(Records drawn from a dataset)
******************************

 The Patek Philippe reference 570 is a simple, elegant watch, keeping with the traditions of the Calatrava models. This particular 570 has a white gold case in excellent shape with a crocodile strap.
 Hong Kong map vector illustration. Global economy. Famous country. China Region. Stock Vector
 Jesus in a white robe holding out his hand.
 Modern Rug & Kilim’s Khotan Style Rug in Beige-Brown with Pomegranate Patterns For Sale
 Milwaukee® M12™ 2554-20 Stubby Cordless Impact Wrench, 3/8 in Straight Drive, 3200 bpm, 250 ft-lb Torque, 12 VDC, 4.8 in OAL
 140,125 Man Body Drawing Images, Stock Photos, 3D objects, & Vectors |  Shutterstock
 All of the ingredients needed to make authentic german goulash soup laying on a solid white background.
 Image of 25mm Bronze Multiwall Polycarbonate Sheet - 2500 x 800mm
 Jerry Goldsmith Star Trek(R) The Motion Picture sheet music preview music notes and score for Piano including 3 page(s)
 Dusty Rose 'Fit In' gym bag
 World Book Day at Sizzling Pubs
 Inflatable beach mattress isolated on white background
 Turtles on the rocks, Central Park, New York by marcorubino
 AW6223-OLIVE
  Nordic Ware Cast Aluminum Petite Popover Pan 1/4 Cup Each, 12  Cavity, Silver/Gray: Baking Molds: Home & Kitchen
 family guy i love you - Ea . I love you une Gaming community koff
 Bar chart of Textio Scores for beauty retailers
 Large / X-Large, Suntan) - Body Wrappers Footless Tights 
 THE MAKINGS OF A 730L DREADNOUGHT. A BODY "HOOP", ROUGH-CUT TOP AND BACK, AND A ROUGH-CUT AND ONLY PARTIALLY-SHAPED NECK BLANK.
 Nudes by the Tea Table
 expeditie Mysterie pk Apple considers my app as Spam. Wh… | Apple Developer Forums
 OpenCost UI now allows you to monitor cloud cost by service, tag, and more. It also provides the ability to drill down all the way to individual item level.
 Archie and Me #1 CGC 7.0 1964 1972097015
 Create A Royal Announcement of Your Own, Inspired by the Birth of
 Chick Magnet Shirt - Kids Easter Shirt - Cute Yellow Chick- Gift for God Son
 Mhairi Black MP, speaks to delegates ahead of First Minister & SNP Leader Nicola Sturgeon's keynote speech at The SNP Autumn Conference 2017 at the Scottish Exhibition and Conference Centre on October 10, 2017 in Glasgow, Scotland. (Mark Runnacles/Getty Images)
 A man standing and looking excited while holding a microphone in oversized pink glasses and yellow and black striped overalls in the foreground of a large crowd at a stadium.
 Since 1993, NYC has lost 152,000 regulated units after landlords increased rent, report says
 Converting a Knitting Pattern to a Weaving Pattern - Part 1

******************************

▸ WHAT TO WORK ON:
Copy the data once more. Leave nothing out.

▸ ANSWER SPACE:
 The Patek Philippe reference 570 is a simple, elegant watch, keeping with the traditions of the Calatrava models. This particular 570 has a white gold case in excellent shape with a crocodile strap.
 Hong Kong map vector illustration. Global economy. Famous country. China Region. Stock Vector
 Jesus in a white robe holding out his hand.
 Modern Rug & Kilim’s Khotan Style Rug in Beige-Brown with Pomegranate Patterns For Sale
 Milwaukee® M12™ 2554-20 Stubby Cordless Impact Wrench, 3/8 in Straight Drive, 3200 bpm, 250 ft-lb Torque, 12 VDC, 4.8 in OAL
 140,125 Man Body Drawing Images, Stock Photos, 3D objects, & Vectors |  Shutterstock
 All of the ingredients needed to make authentic german goulash soup laying on a solid white background.
 Image of 25mm Bronze Multiwall Polycarbonate Sheet - 2500 x 800mm
 Jerry Goldsmith Star Trek(R) The Motion Picture sheet music preview music notes and score for Piano including 3 page(s)
 Dusty Rose 'Fit In' gym bag
 World Book Day at Sizzling Pubs
 Inflatable beach mattress isolated on white background
 Turtles on the rocks, Central Park, New York by marcorubino
 AW6223-OLIVE
  Nordic Ware Cast Aluminum Petite Popover Pan 1/4 Cup Each, 12  Cavity, Silver/Gray: Baking Molds: Home & Kitchen
 family guy i love you - Ea . I love you une Gaming community koff
 Bar chart of Textio Scores for beauty retailers
 Large / X-Large, Suntan) - Body Wrappers Footless Tights 
 THE MAKINGS OF A 730L DREADNOUGHT. A BODY "HOOP", ROUGH-CUT TOP AND BACK, AND A ROUGH-CUT AND ONLY PARTIALLY-SHAPED NECK BLANK.
 Nudes by the Tea Table
 expeditie Mysterie pk Apple considers my app as Spam. Wh… | Apple Developer Forums
 OpenCost UI now allows you to monitor cloud cost by service, tag, and more. It also provides the ability to drill down all the way to individual item level.
 Archie and Me #1 CGC 7.0 1964 1972097015
 Create A Royal Announcement of Your Own, Inspired by the Birth of
 Chick Magnet Shirt - Kids Easter Shirt - Cute Yellow Chick- Gift for God Son
 Mhairi Black MP, speaks to delegates ahead of First Minister & SNP Leader Nicola Sturgeon's keynote speech at The SNP Autumn Conference 2017 at the Scottish Exhibition and Conference Centre on October 10, 2017 in Glasgow, Scotland. (Mark Runnacles/Getty Images)
 A man standing and looking excited while holding a microphone in oversized pink glasses and yellow and black striped overalls in the foreground of a large crowd at a stadium.
 Since 1993, NYC has lost 152,000 regulated units after landlords increased rent, report says
 Converting a Knitting Pattern to a Weaving Pattern - Part 1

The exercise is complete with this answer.